→ **Assignment**
Apart from the pictures, which must be omitted, restate the data exactly.

---------- Supplied data ----------

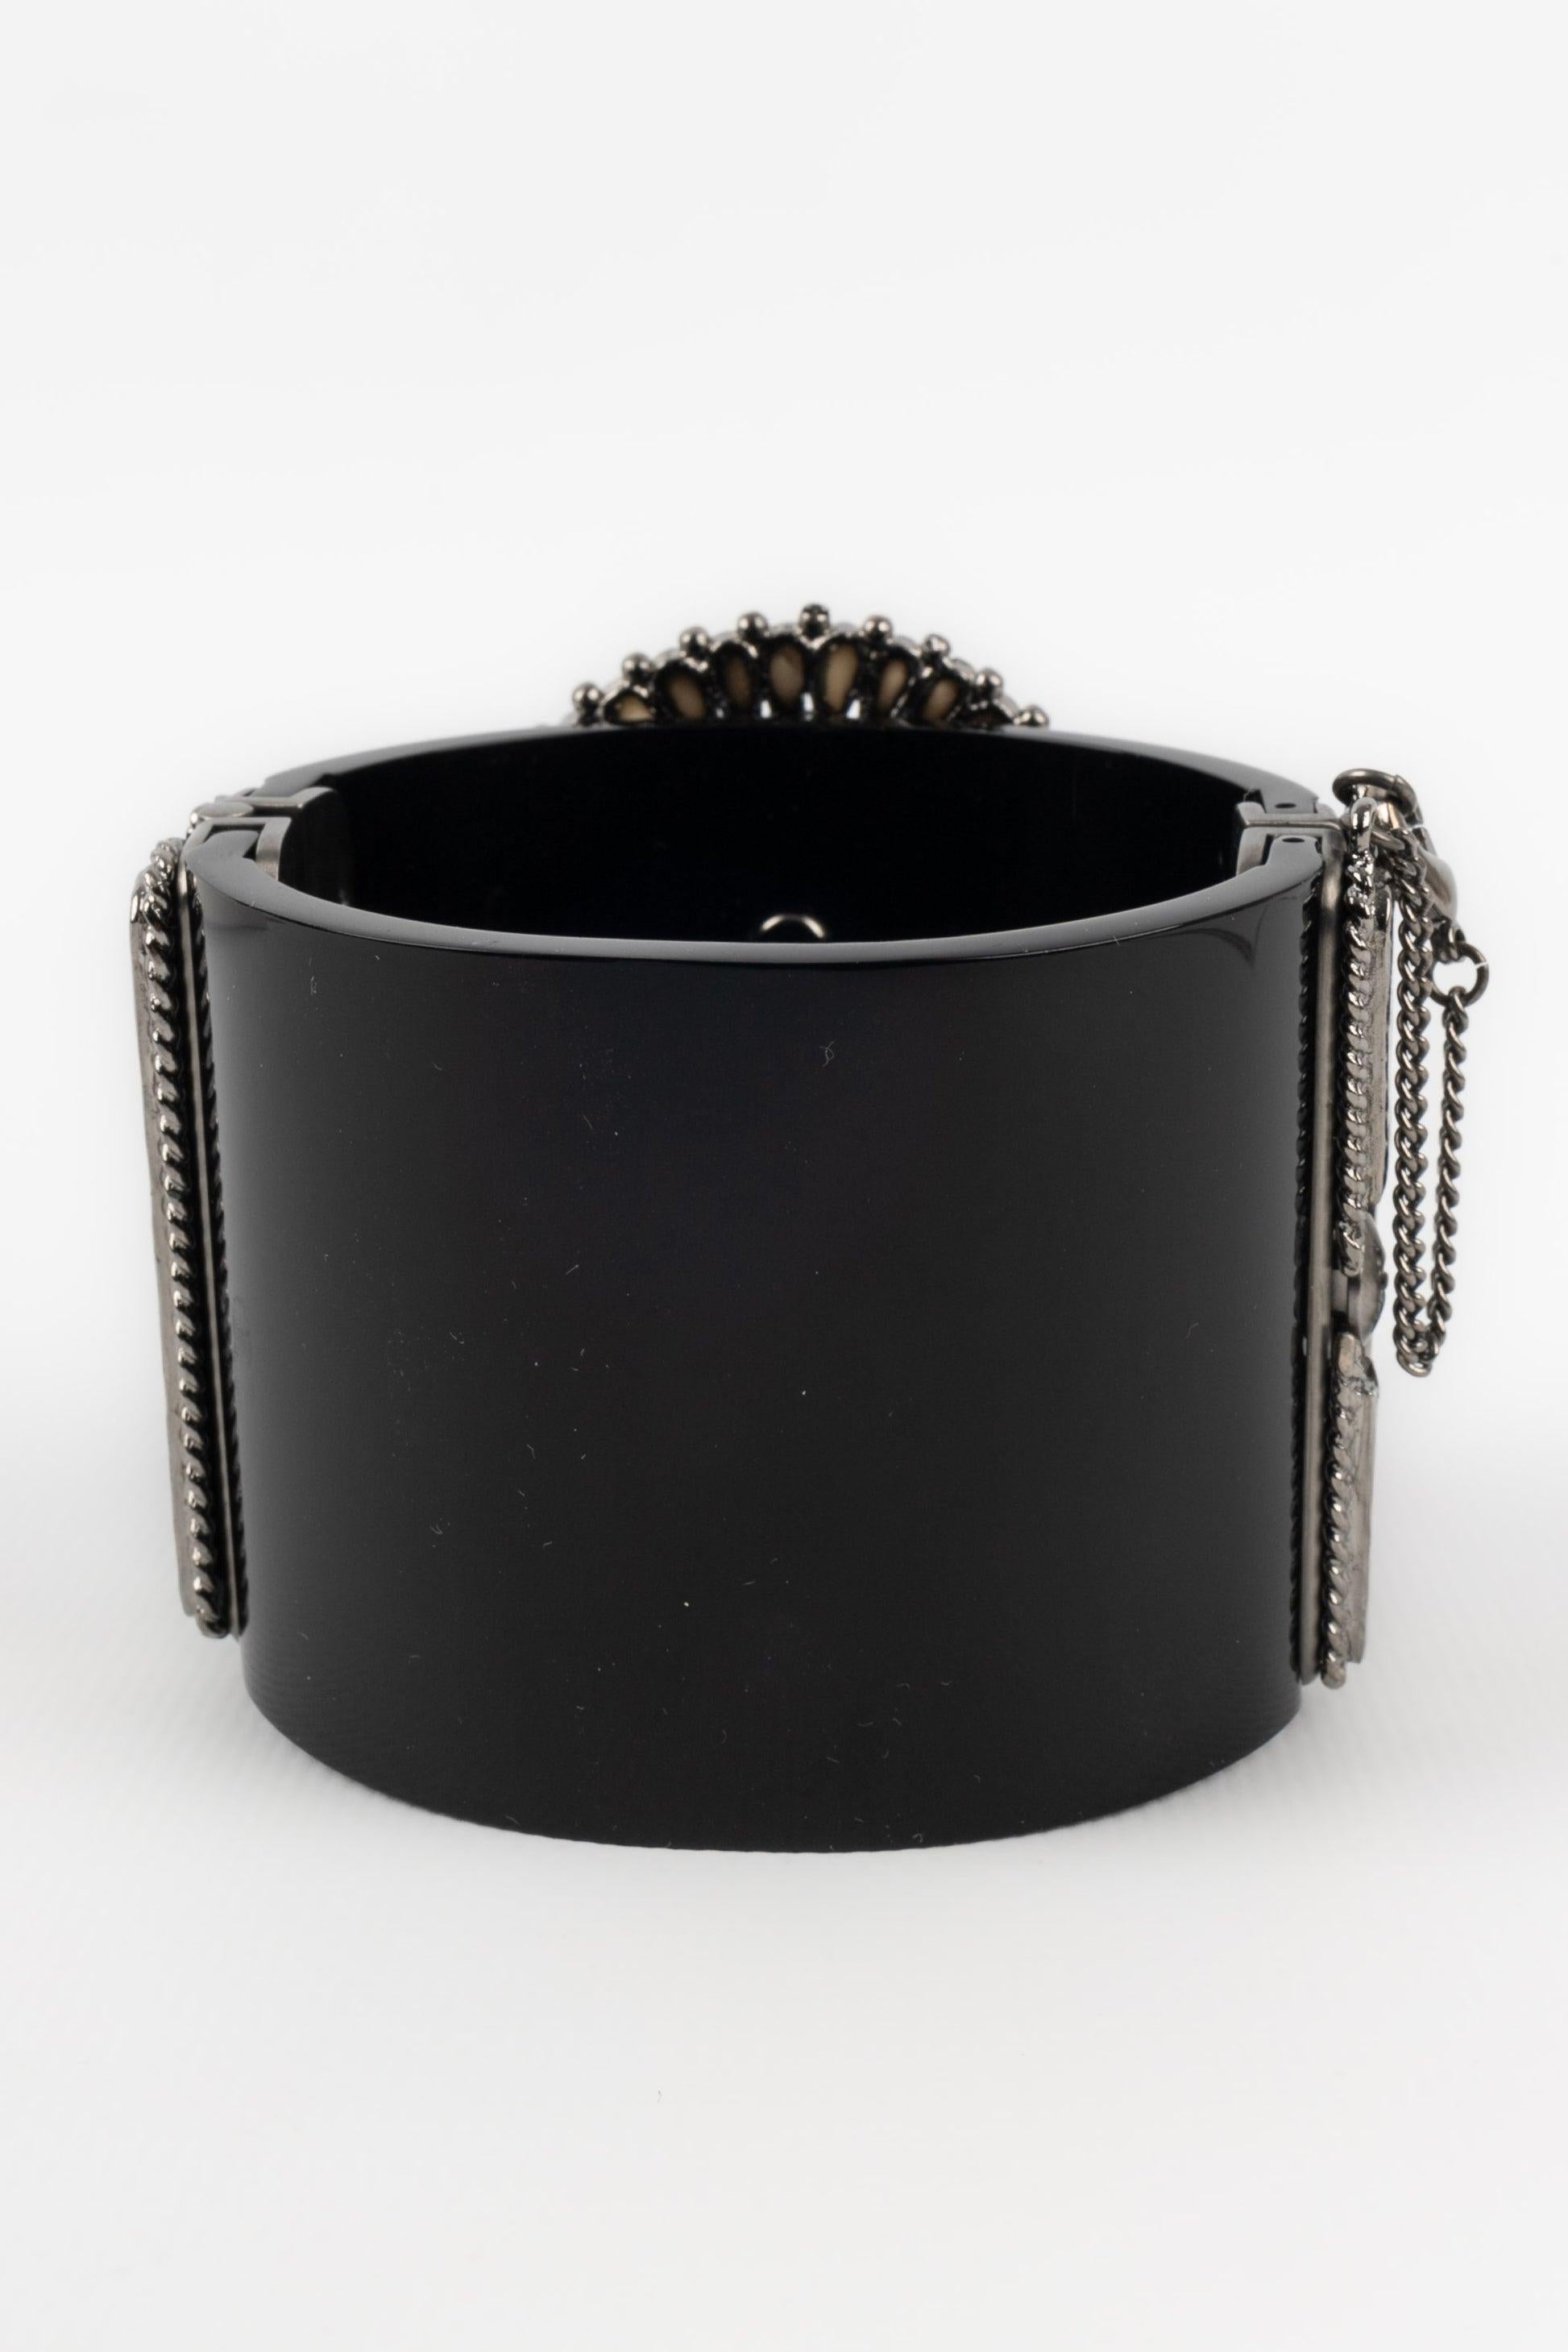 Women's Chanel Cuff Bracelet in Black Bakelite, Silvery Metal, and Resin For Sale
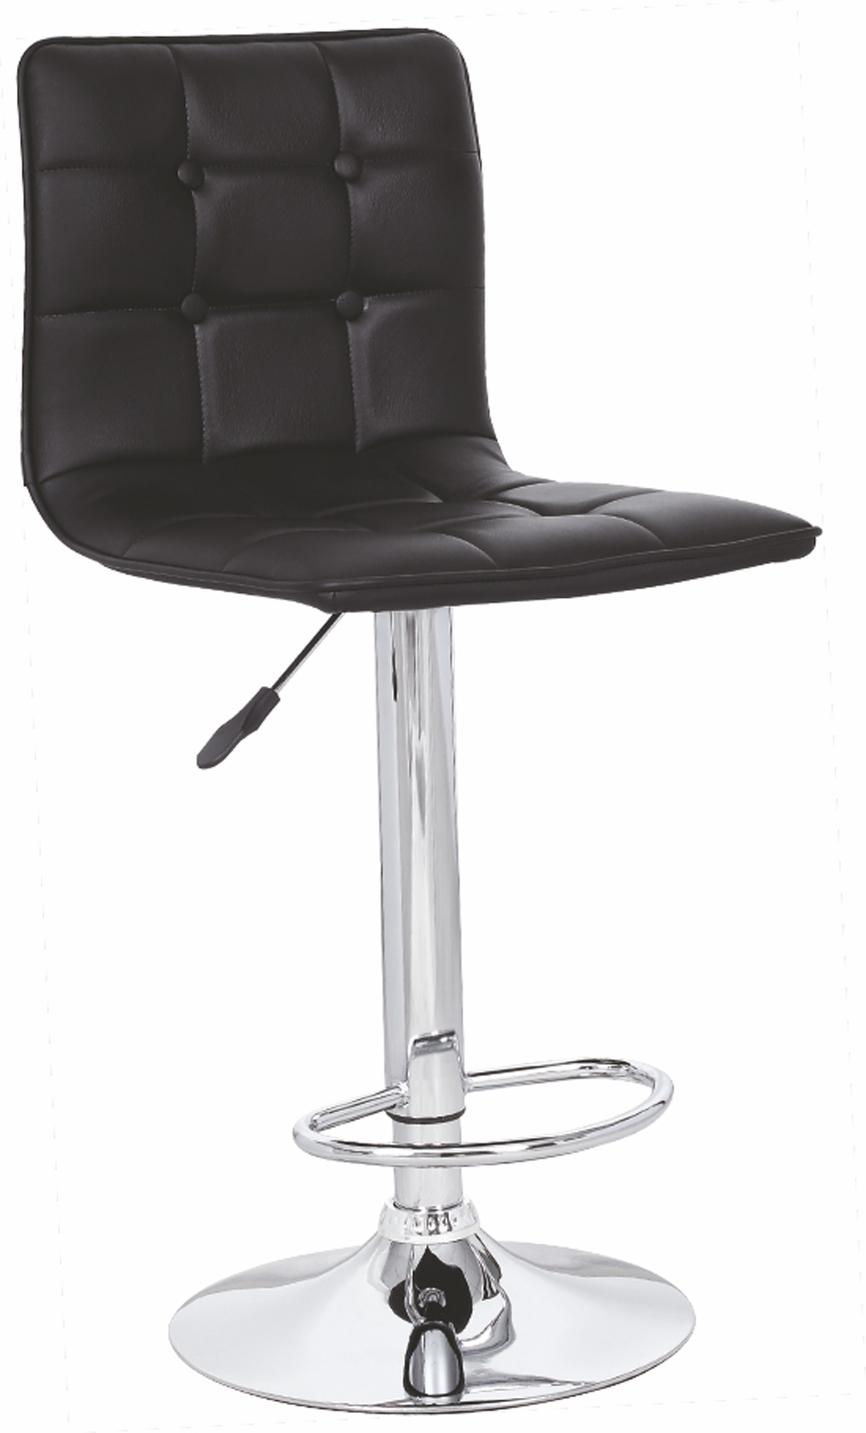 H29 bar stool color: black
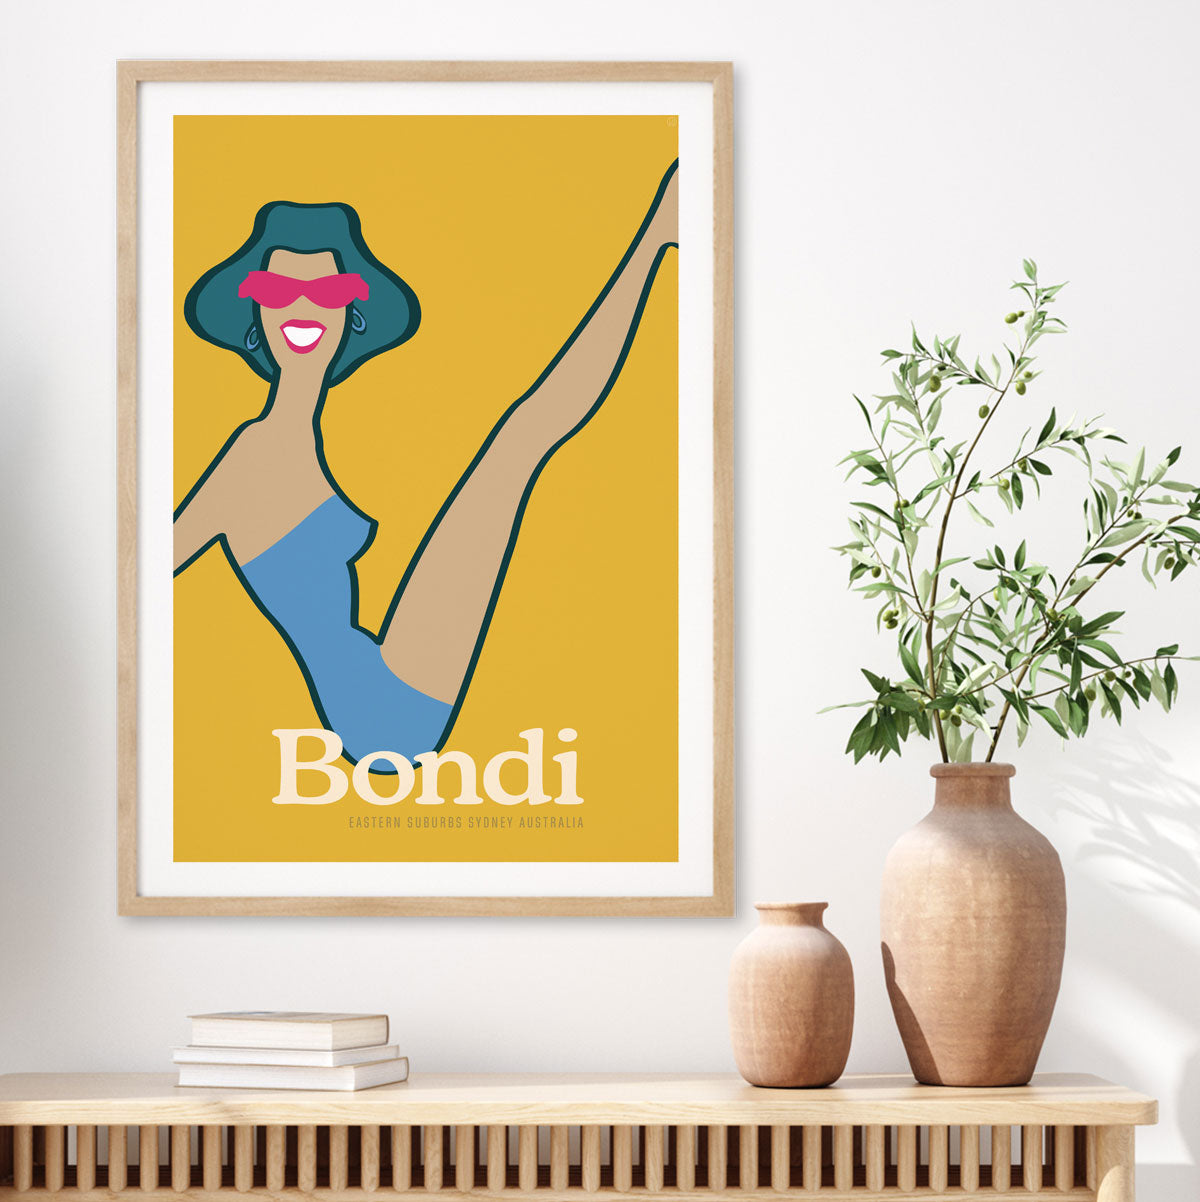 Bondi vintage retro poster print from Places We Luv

----------

→ **Solution to this exercise**
 Women's Chanel Cuff Bracelet in Black Bakelite, Silvery Metal, and Resin For Sale
 H29 bar stool color: black
 Bondi vintage retro poster print from Places We Luv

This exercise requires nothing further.